Pero Ichiteru era una mentirosa sin coartada. Al sobrevivir Harume, ¿había recurrido al veneno? Sin embargo, Hirata no quería demostrar su culpabilidad, ni siquiera en aras de cerrar el caso o de la satisfacción de verla castigada. La perspectiva del éxito y la venganza perdía atractivo cuando se imaginaba vivir el resto de sus días sabiendo que lo había engañado una asesina.
– Déjame que vea esa lista otra vez. -Al encontrar al teniente Kushida anotado, experimentó un gran alivio. Kushida encajaba con la descripción general del asesino. La daga no era su arma preferida, pero podía haberla elegido porque era más fácil de esconder que una lanza-. ¿Qué contó Kushida?
– Estaba tan trastornado por su fracaso al proteger a Harume que fui incapaz de determinar su paradero durante el ataque -dijo el sacerdote.
– ¿Lo vio alguien más?
– No. Se habían separado para escoltar a varias damas por el recinto. Todos dieron por sentado que Kushida estaba con un grupo diferente. -El sacerdote frunció el entrecejo-. Conozco al teniente de mis tiempos en el castillo de Edo. No tenía motivos para creer que era sospechoso del ataque o que se convertiría en prófugo de la justicia. De otro modo habría intentado establecer sus movimientos. Lamento haber resultado de tan poca ayuda.
– En absoluto -dijo Hirata-. Me habéis dicho lo que quería saber.

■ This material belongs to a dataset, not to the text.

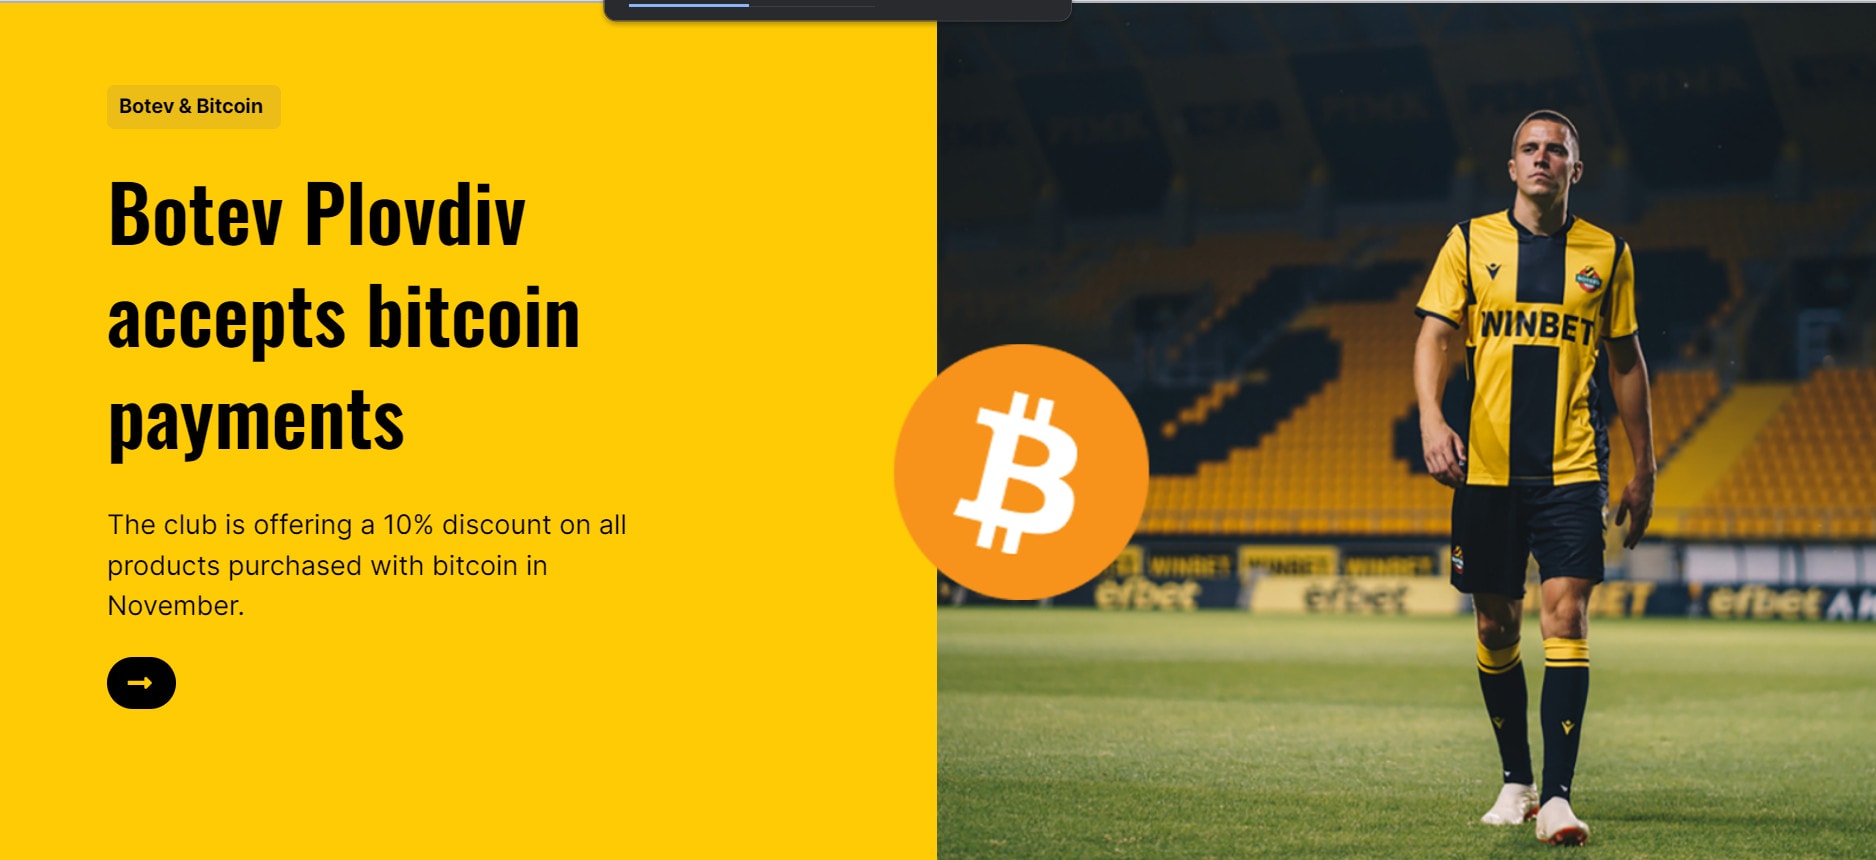 Botev Plovdiv, Bulgarian football club, accepts bitcoin payments

Estaba convencido de que el mismo hombre le había lanzado la daga a Harume, la había envenenado y había silenciado a Choyei. El teniente Kushida había tenido sobrada oportunidad para cometer los crímenes, y carecía de coartadas. Hirata preveía su retorno triunfal a las buenas relaciones con Sano y su autorrespeto.
Todo lo que tenía que hacer era encontrar al teniente Kushida.
33
En el distrito daimio, una partida de soldados escoltaba un palanquín detenido frente a una puerta adornada con el emblema del doble cisne. Su comandante anunció:
– La esposa del sosakan-sama del sogún desea ver al caballero Miyagi.
– Os ruego que esperéis mientras informo al daimio de que tiene una visita -replicó uno de los guardias de los Miyagi.
Dentro del palanquín, Reiko temblaba de alegre emoción. Su carrera de detective empezaba de verdad. A primera hora de la mañana había hablado con Eri, quien le había prometido acordar una cita con la dama Ichiteru para más tarde. En aquel momento llegaba su primera ocasión de medir su inteligencia con un sospechoso de asesinato. ¡Cómo deseaba que el caballero Miyagi fuese el asesino, para adjudicarse el triunfo de demostrarlo! Mientras esperaba, jugueteaba con una caja de dulces que había llevado como regalo de cortesía para los Miyagi. Las circunstancias le habían proporcionado la excusa perfecta para visitarlos. Podría sondear sus secretos oscuros, y el caballero Miyagi jamás sospecharía su auténtico propósito. Aunque Reiko trataba de calmarse y concentrarse en la tarea que tenía por delante, a sus labios no dejaba de asomar una sonrisa, y no sólo por haber alcanzado su sueño.